> [PROBLEM STATEMENT] When you reach the line holding "Видео уроки конспекты" in the material below, return that line and each one after it, word for word, with the pictures dropped.

> [DATA BLOCK]

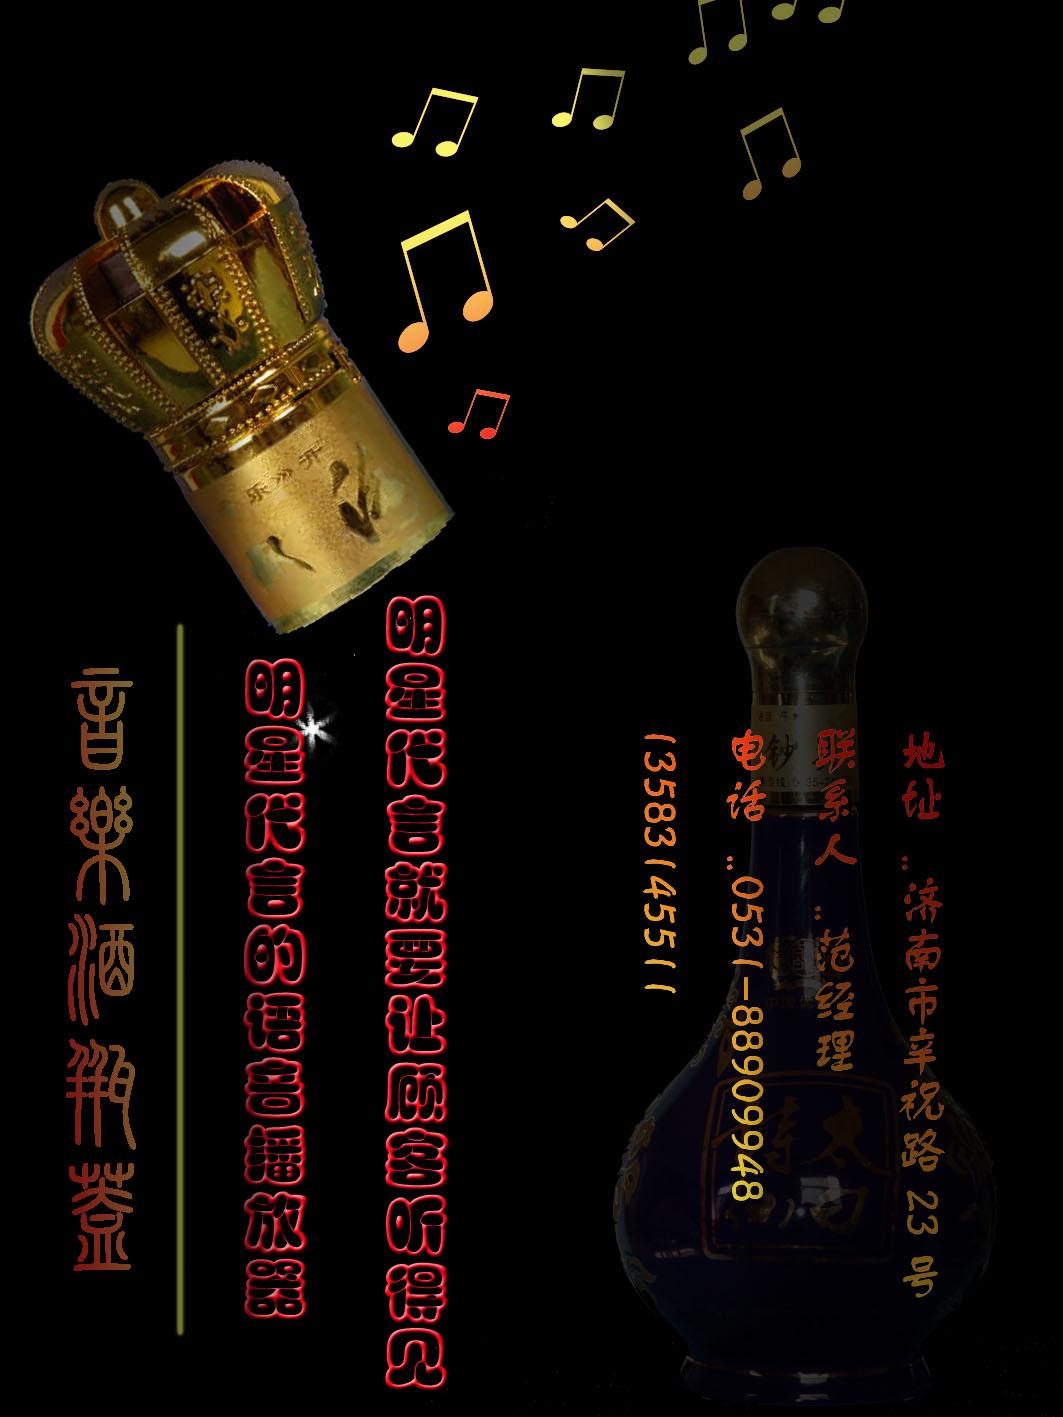 音乐酒瓶盖杂志广告设计
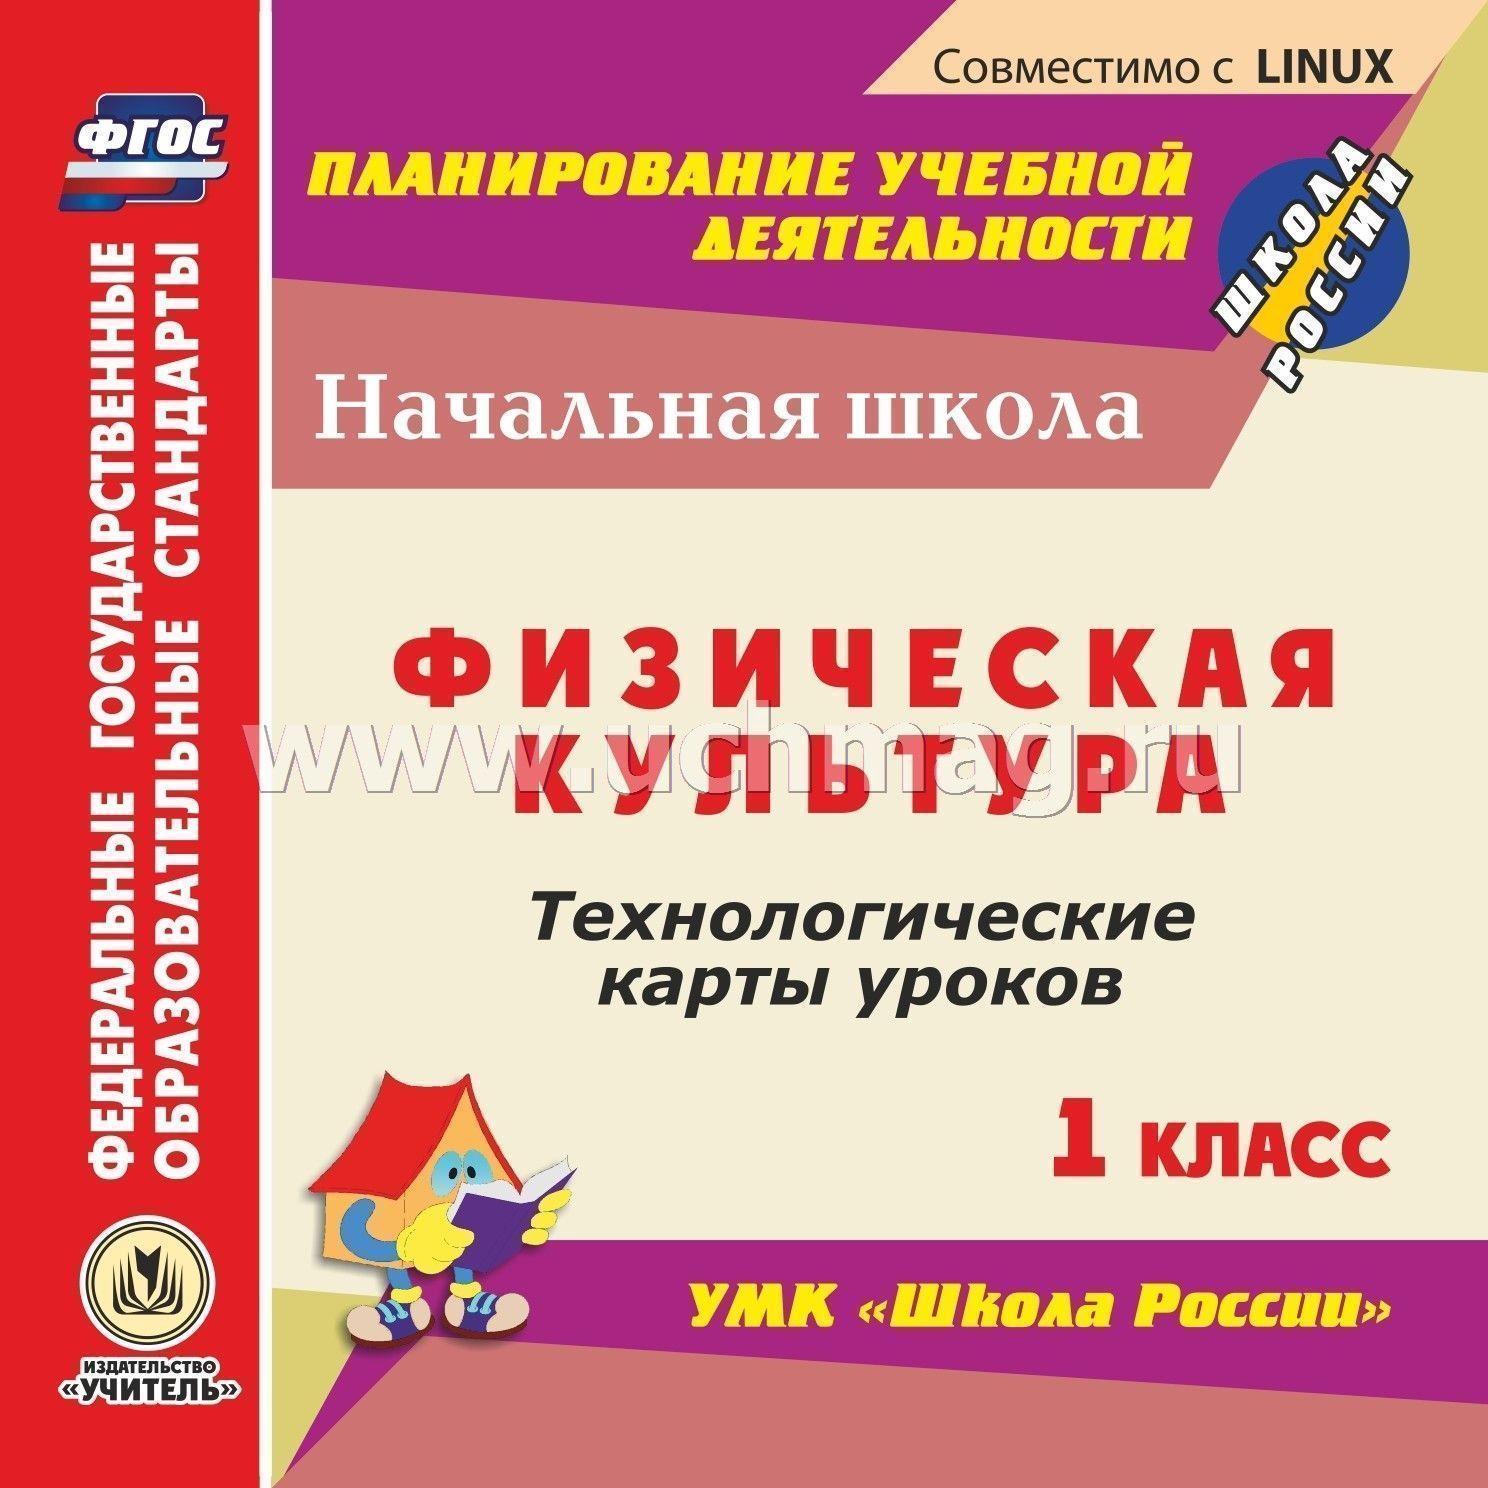 Видео уроки конспекты по фгос начальная школа 1 класс школа россии
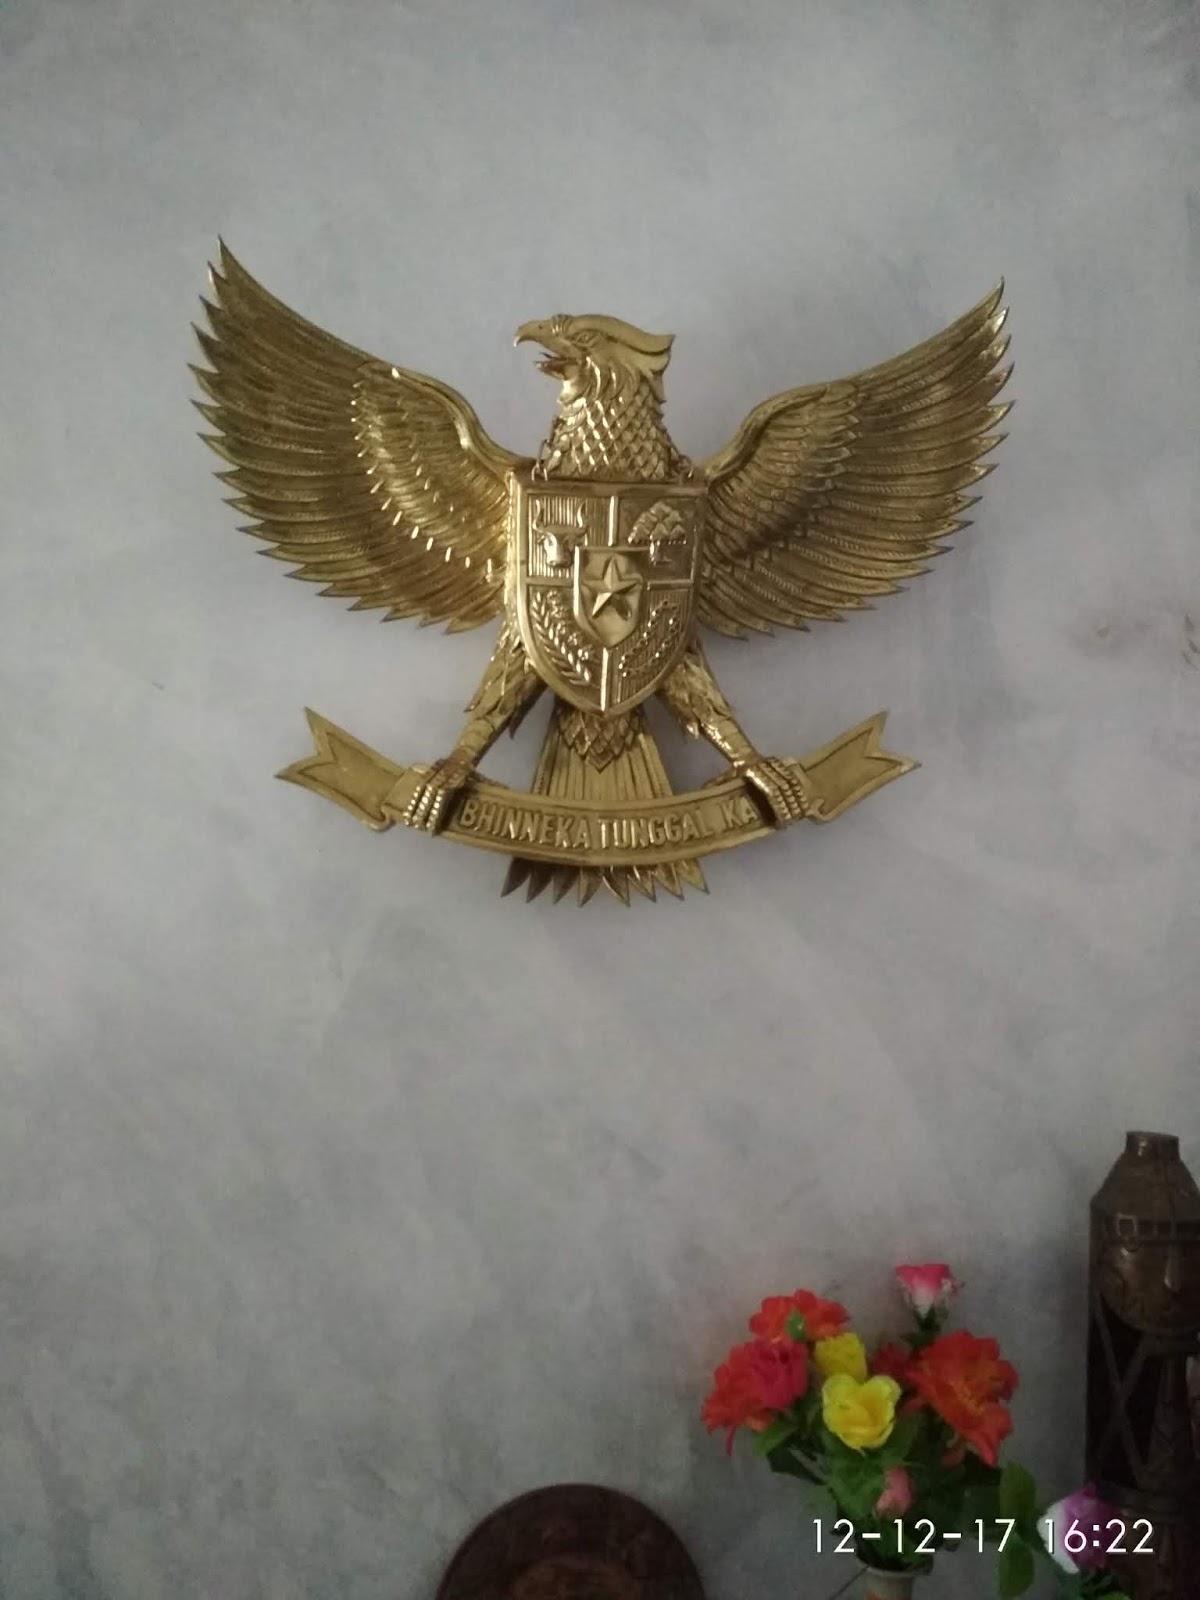 Patung Garuda Kerajinan Tembaga Dan Kuningan Yahro Art

> [ANSWER SECTION]
 Видео уроки конспекты по фгос начальная школа 1 класс школа россии
 Patung Garuda Kerajinan Tembaga Dan Kuningan Yahro Art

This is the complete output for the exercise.